Using polarized FTIR to determine polymer morphology
IR spectroscopy is typically used in the field of polymer analysis to determine the molecular orientation of polymers and to investigate the chemical bonding in materials such as fibres, polymers, and biopolymers.
An FTIR spectrometer accessory, such as the Golden Gate ATR, is suitable for this analysis as samples require little or no sample preparation before spectroscopic measurement. Request a free demo
For certain materials, the degree of polymer orientation varies as a function of sample depth due to stresses introduced in the manufacturing processes. Understanding the orientation of polymer chains is important because it has implications on macroscopic mechanical properties such as the Young’s modulus (stiffness) and tensile strength. Polymer orientation can be explored using ATR-FTIR in conjunction with a polarizer.
Using a variable angle ATR accessory allows for probing at various depths. Polarizing FTIR is especially good for the classification of polymer groups.
Polarization and filters in polymer analysis
A polarizer can provide a valuable sampling enhancement to FTIR, allowing researchers to determine chemical information not otherwise found when using non-polarized light.

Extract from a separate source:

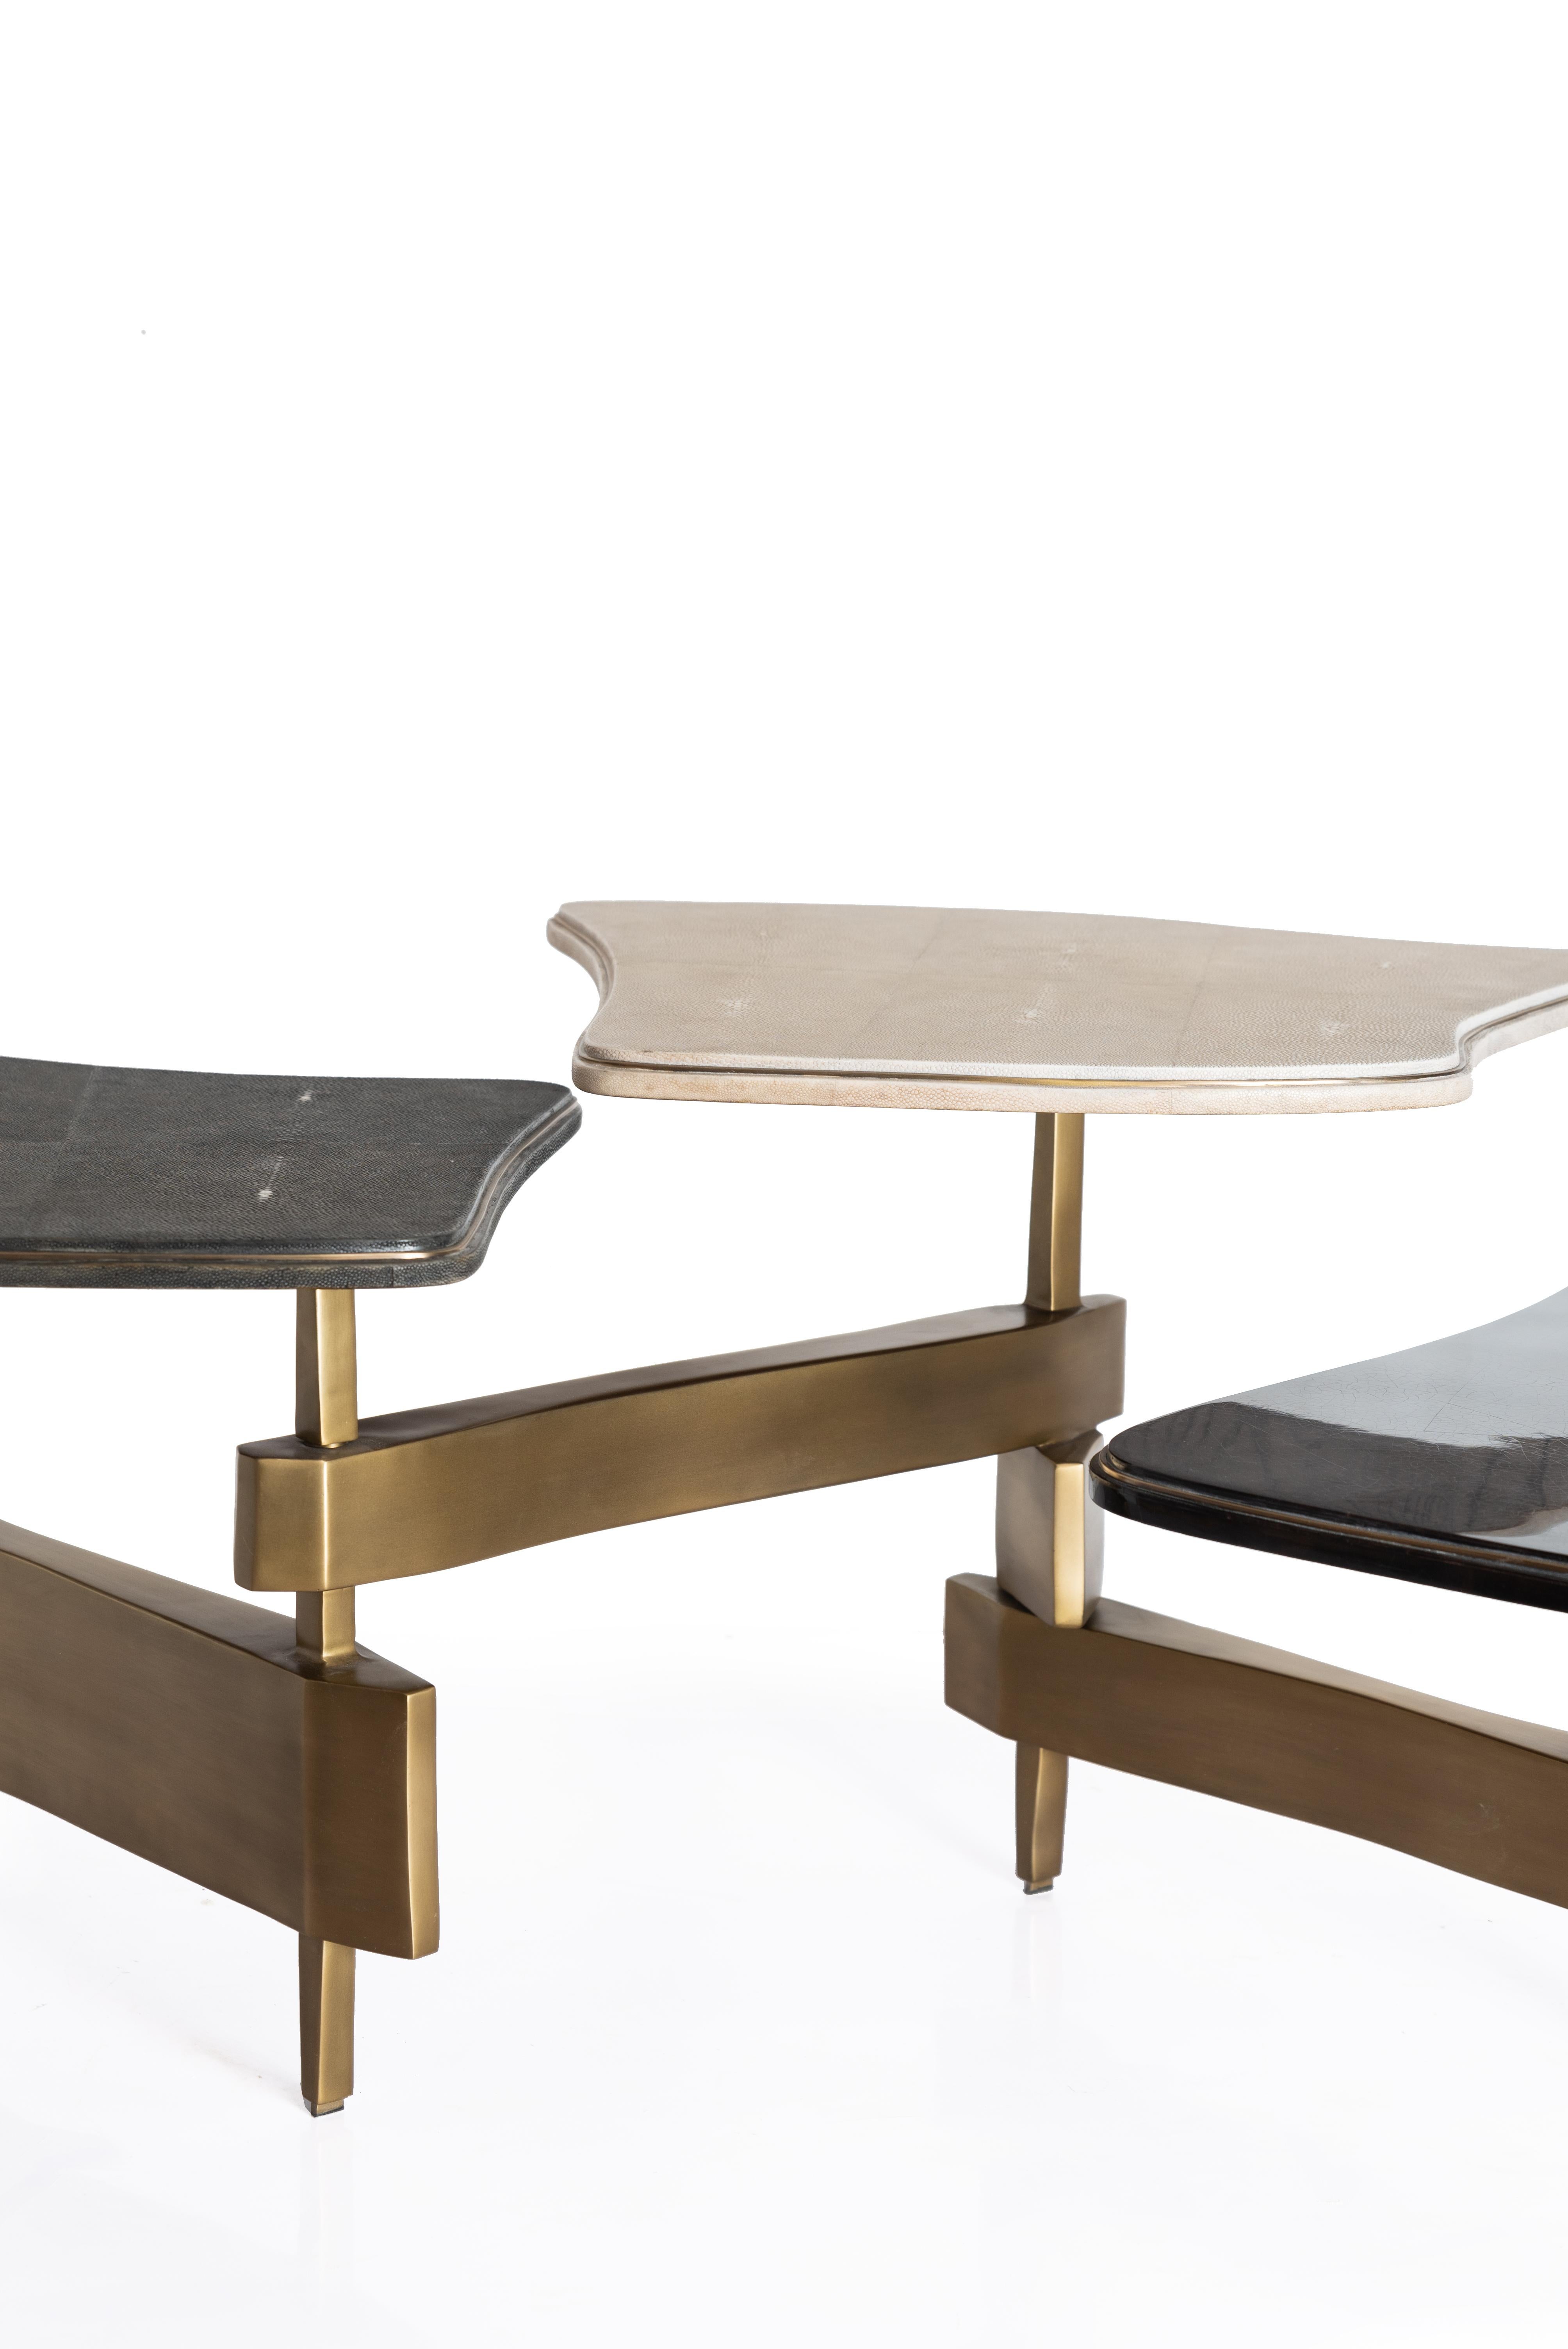 The Metropolis 3-top coffee table by Kifu Paris is a dramatic and sculptural design that demonstrates the incredible and signature artisanale work from her Augousti genes. The bronze-patina brass base of the coffee table is conceptually inspired by

The dichroic ratio and the dichroic difference can be obtained from spectra recorded sequentially using infrared radiation polarised parallel and then perpendicular to a reference direction.
To improve the sensitivity of this technique and to be able to accurately follow the dynamics of orientation, FTIR spectroscopy can be coupled with a polarization modulation (PM) technique. The principle of polarization modulation is the use of a linearly polarized infrared beam dividing the linearly polarised light into an s-polarized beam, parallel to the surface of the sample, and a p-polarized beam, perpendicular to the sample surface.
The s-polarized absorptions are then subtracted from the p-polarised absorptions and normalised using the total intensity of both the p- and s-polarized IR beams to give a normalised surface specific IR absorption signal, which can be considered independent of the environmental conditions.
Using FTIR for feedback during production
Polarized FTIR analysis can be executed in real time and is a powerful method for checking the quality of polymer products during manufacturing, according to the morphology parameters chosen.
By feeding back FTIR data, changes can be made to the production process or the formulation of the polymer to optimize the product quality.
Specac Infrared Polarizers
Specac provide a range of infra-red wire grid polarizing filters and holders for studying the orientation effects of polymer chains. These high-quality polarizing filters are custom designed to operate in the wavelength range 5000 cm-1 to 285 cm-1 (wave numbers) and with a grid periodicity of 4000 lines per mm they all provide a high extinction ratio and high transmission with a 25mm clear aperture.
The thin profile of these polarizers also makes them suitable for FTIR applications in which there are space constraints. They are designed to fit directly into the aperture ports of all Specac BenchmarkTM baseplate compatible accessories, such as the Golden GateTM ATR, Silver GateTM Evolution ATR, GatewayTM horizontal ATR systems, and the CycloneTM and TornadoTM long pathlength gas cells. Substrates include CaF2, BaF2, ZnSe, KRS-5, and Ge.
Polarized ATR-FTIR spectroscopy has become a go-to analysis method for all varieties of polymers. The method is excellent for examining properties such as polymer chain orientation and relaxation providing good data that can relate polymer structure morphology to quality.
Polarizing FTIR is rapid and easy to interpret and can provide a range of informative data about the relationship of polymer micro-structure and properties.